Supplied data »
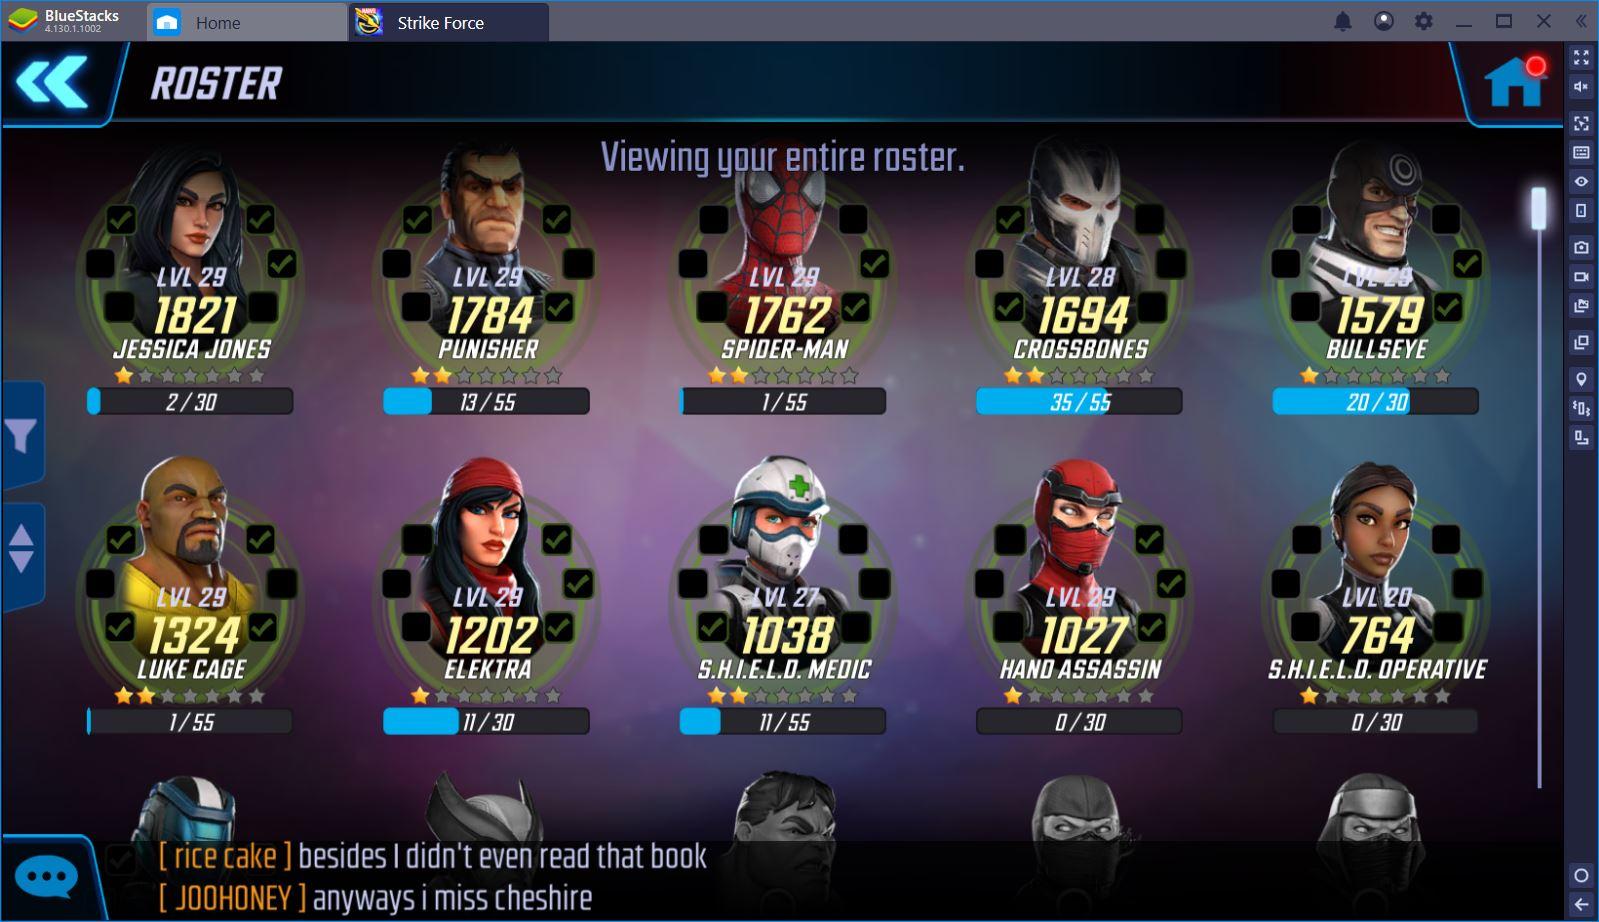 العب MARVEL Strike Force على الكمبيوتر باستخدام BlueStacks
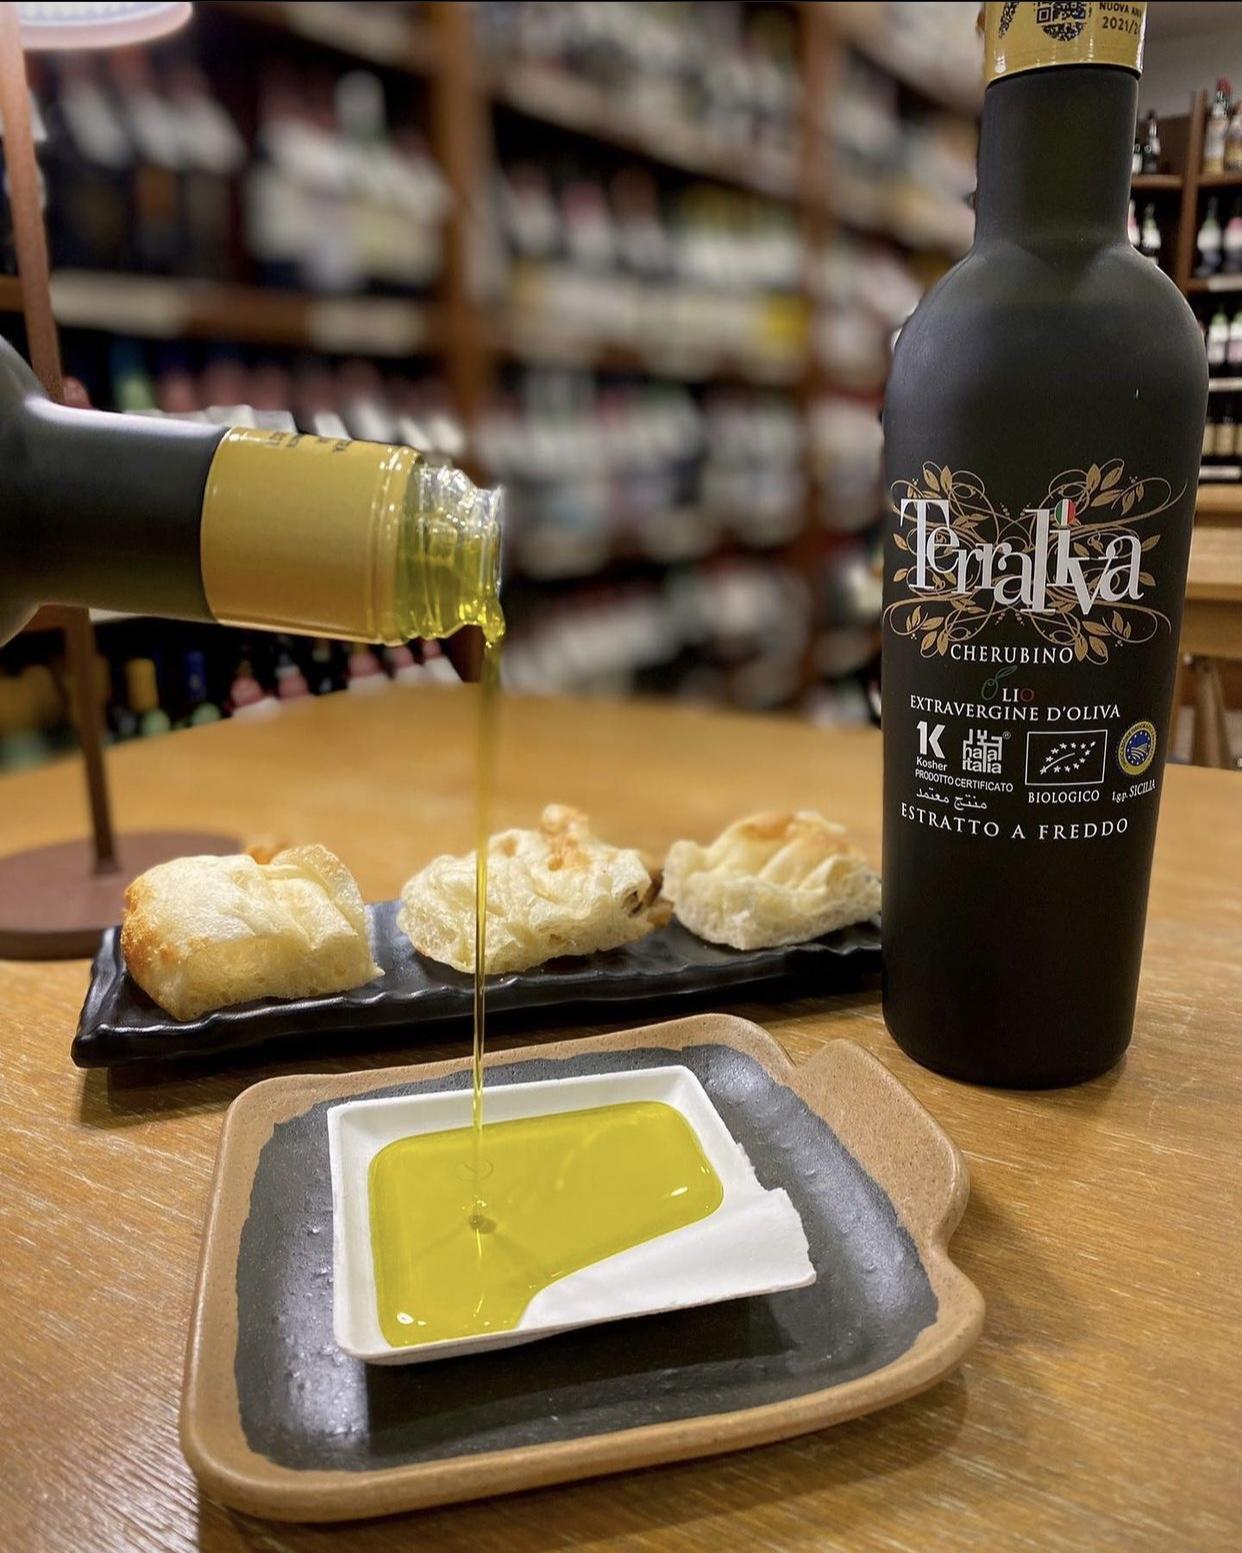 テッラリーヴァ- CHERUBINO-500ml<br>★権威あるコンテストで数々の賞を受賞!<br>★酸度も低く強いフルーティー<br>プロ絶賛のオイル!有機栽培の証明付き
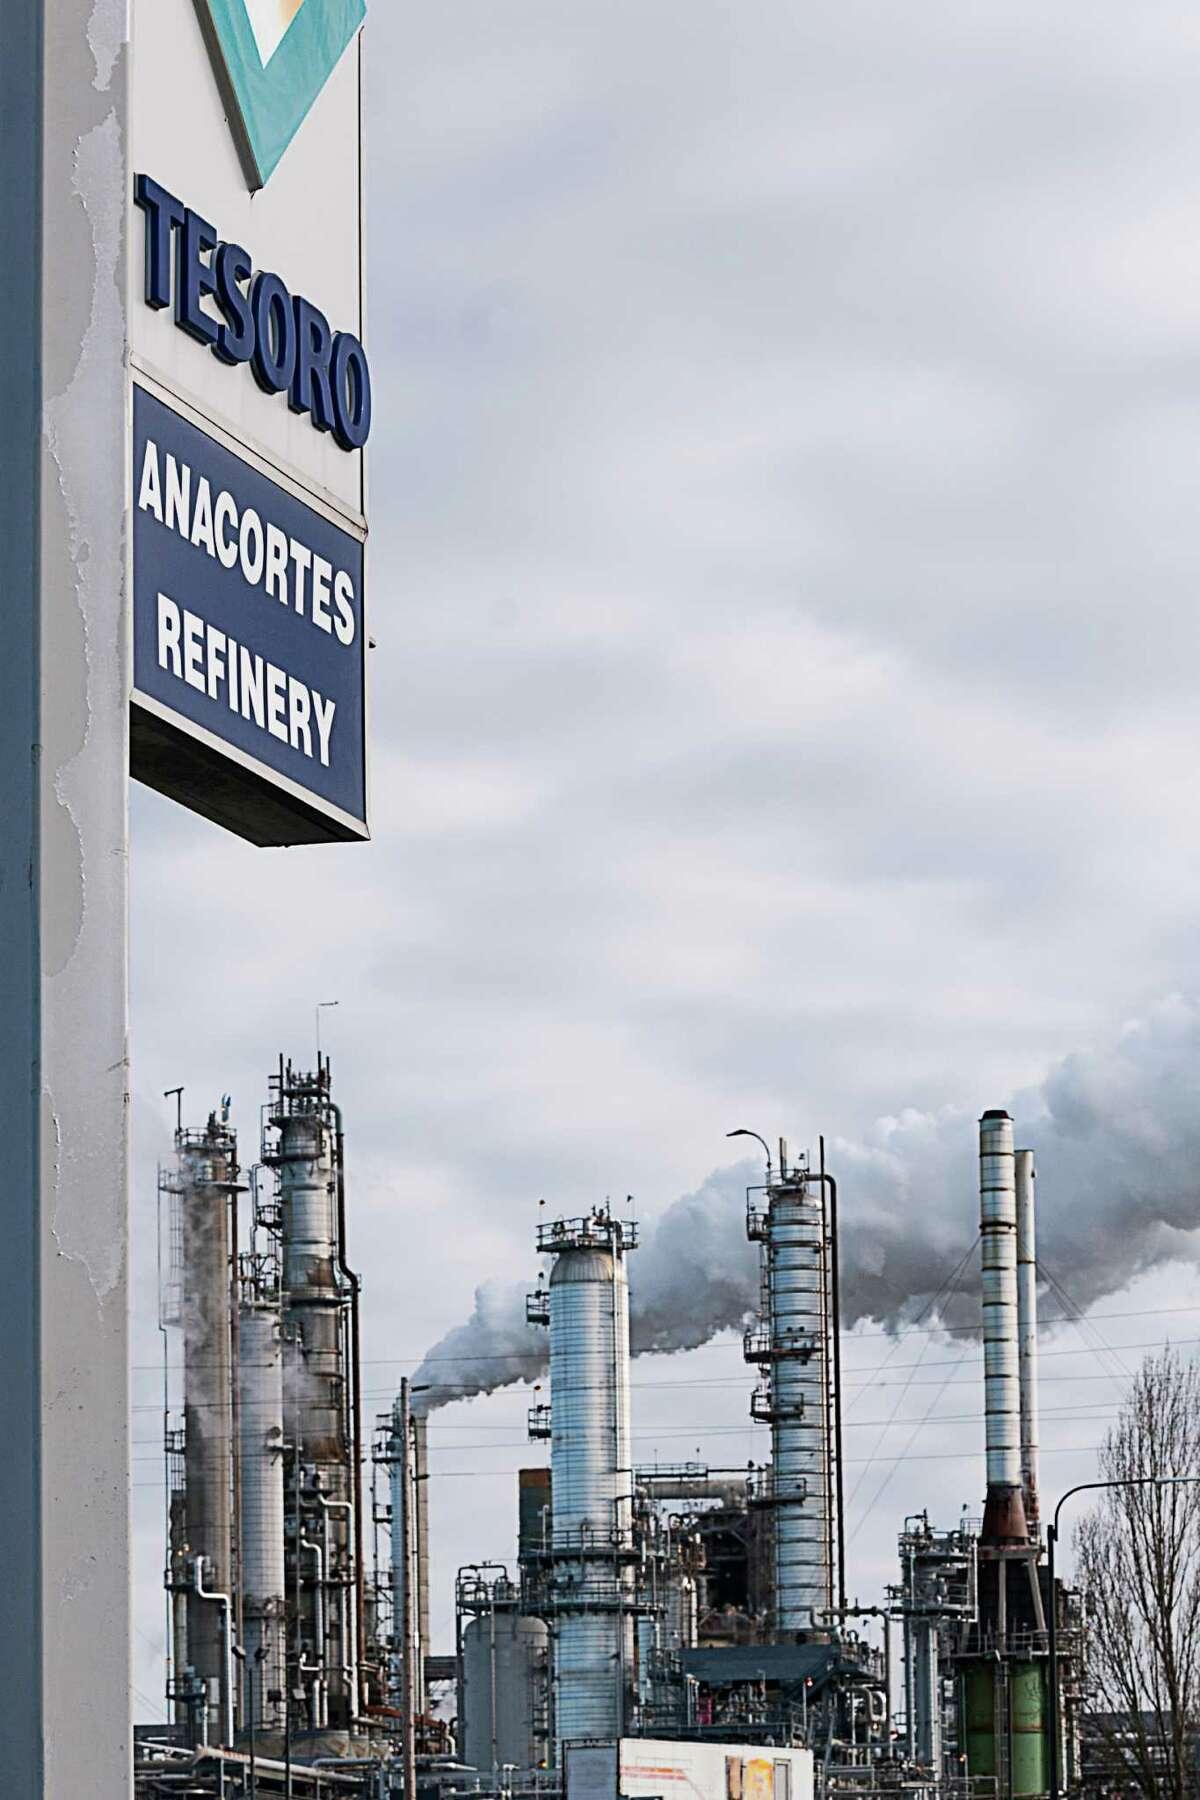 Tesoro wants its refinery in Anacortes, Wash., to handle more North Dakota crude.
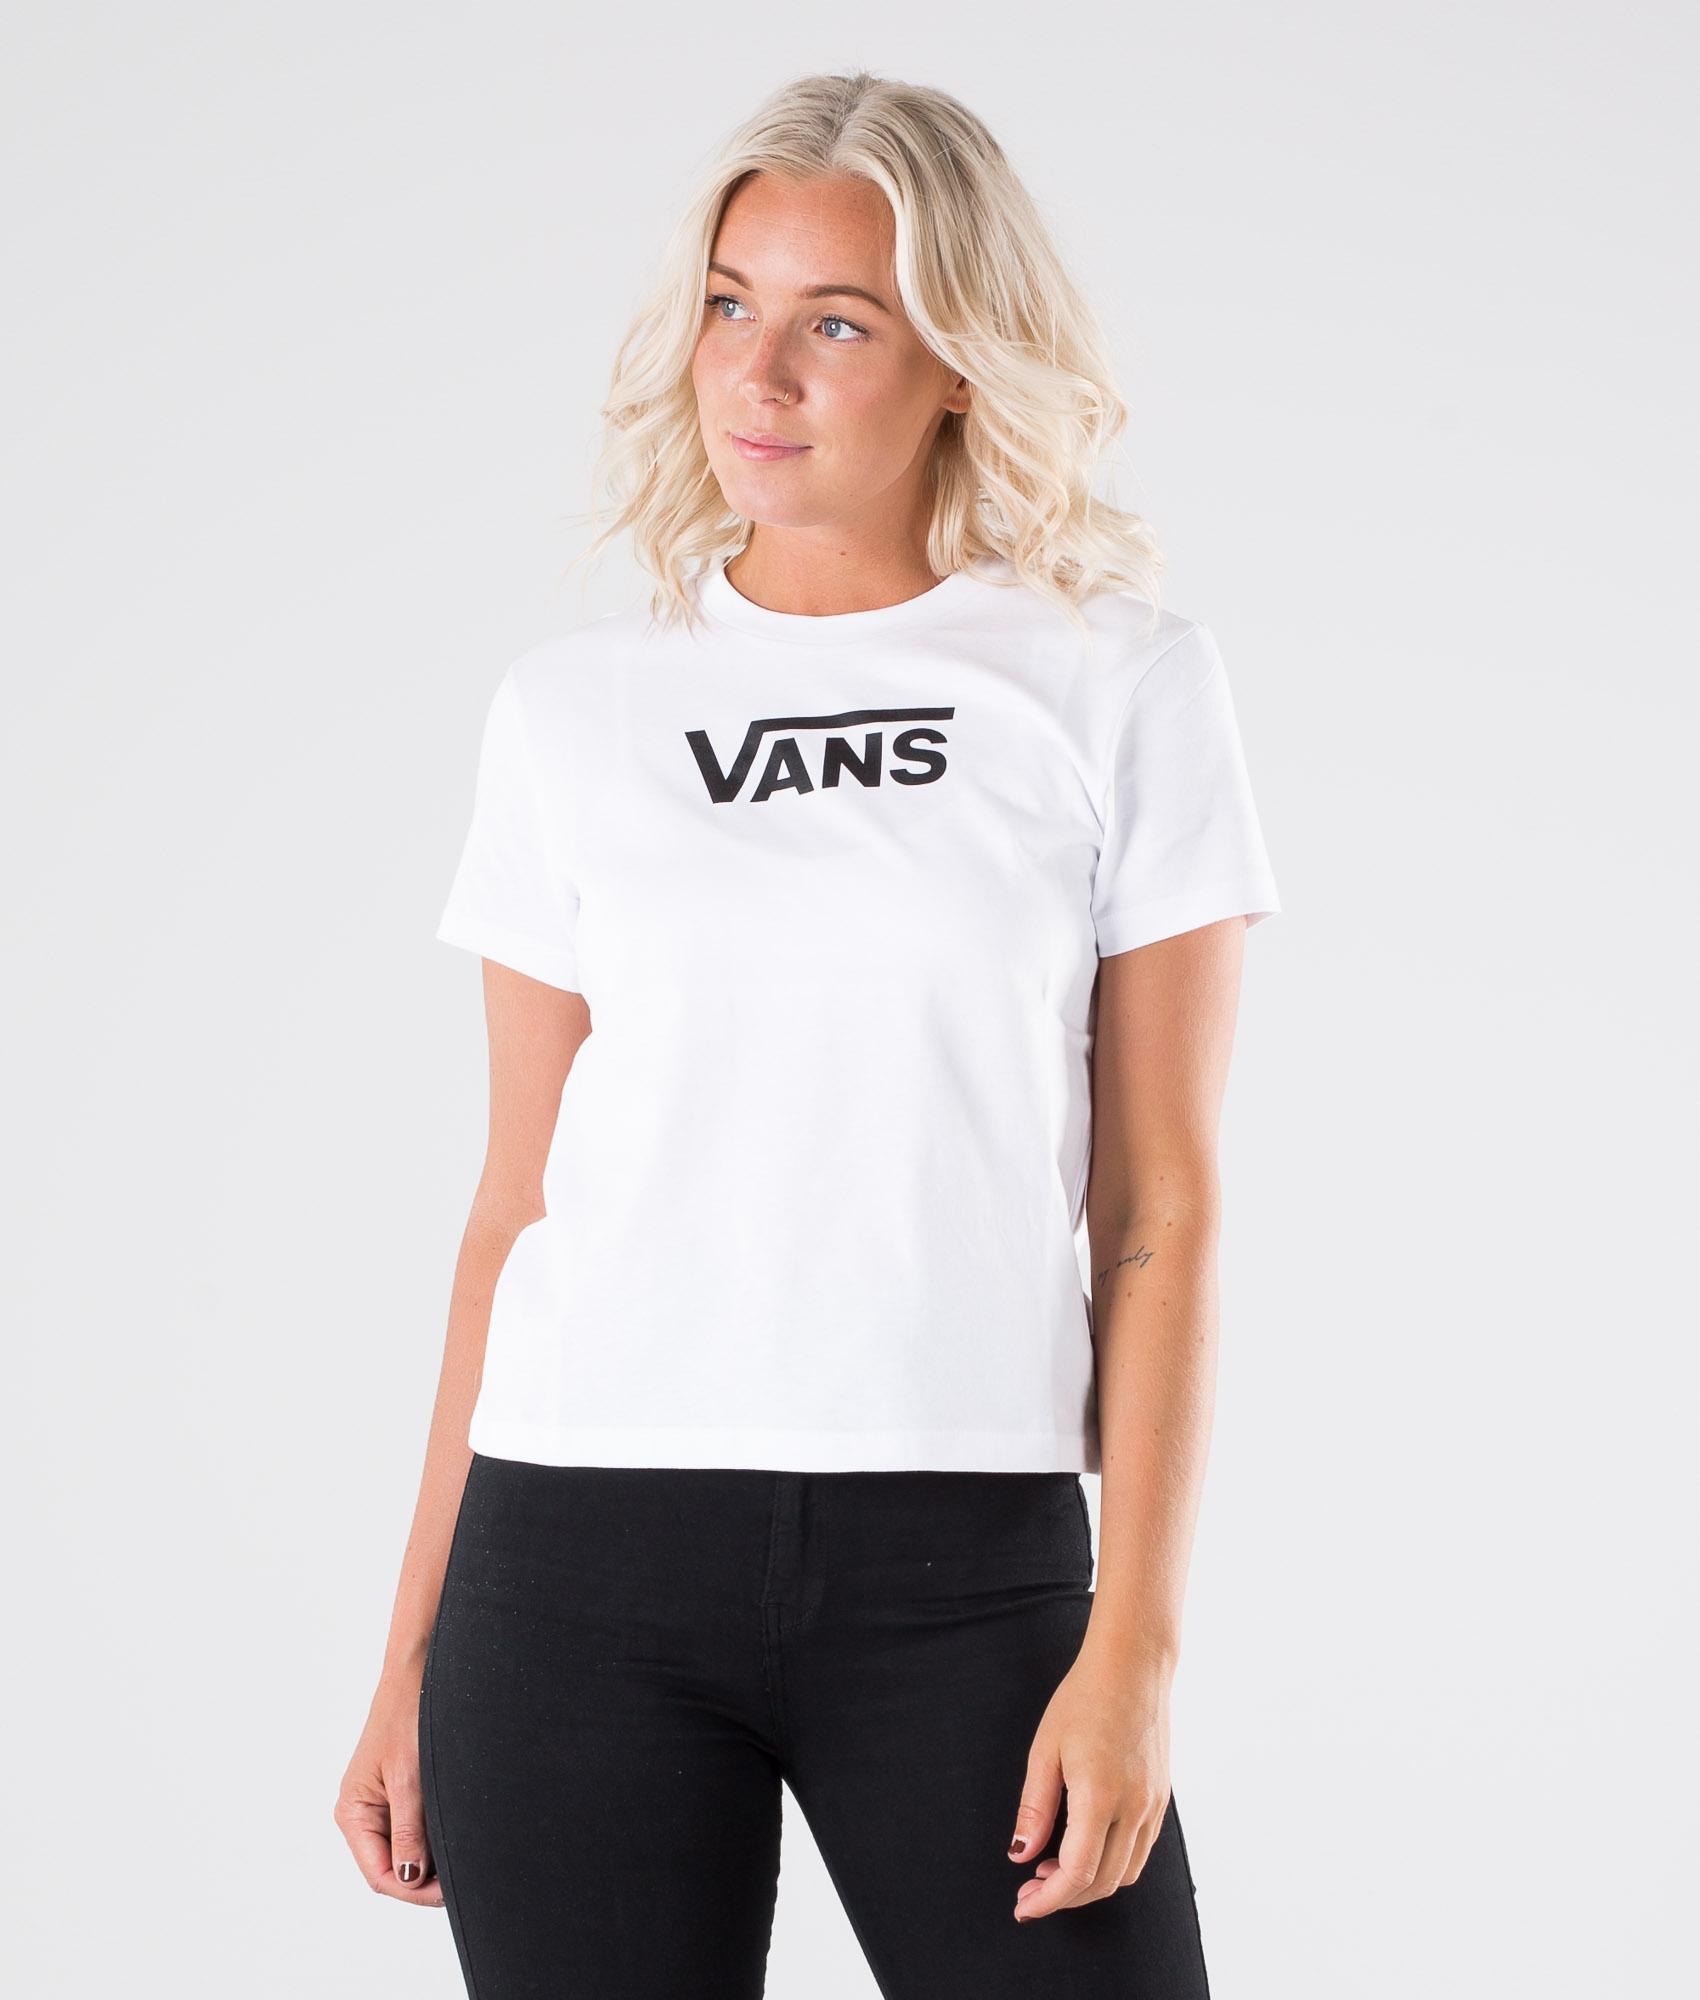 Vans Flying V Classic T Shirt White

What you should do » When you transcribe the lines above, keep every word exact but leave the pictures behind.

Output »
 العب MARVEL Strike Force على الكمبيوتر باستخدام BlueStacks
 テッラリーヴァ- CHERUBINO-500ml<br>★権威あるコンテストで数々の賞を受賞!<br>★酸度も低く強いフルーティー<br>プロ絶賛のオイル!有機栽培の証明付き
 Tesoro wants its refinery in Anacortes, Wash., to handle more North Dakota crude.
 Vans Flying V Classic T Shirt White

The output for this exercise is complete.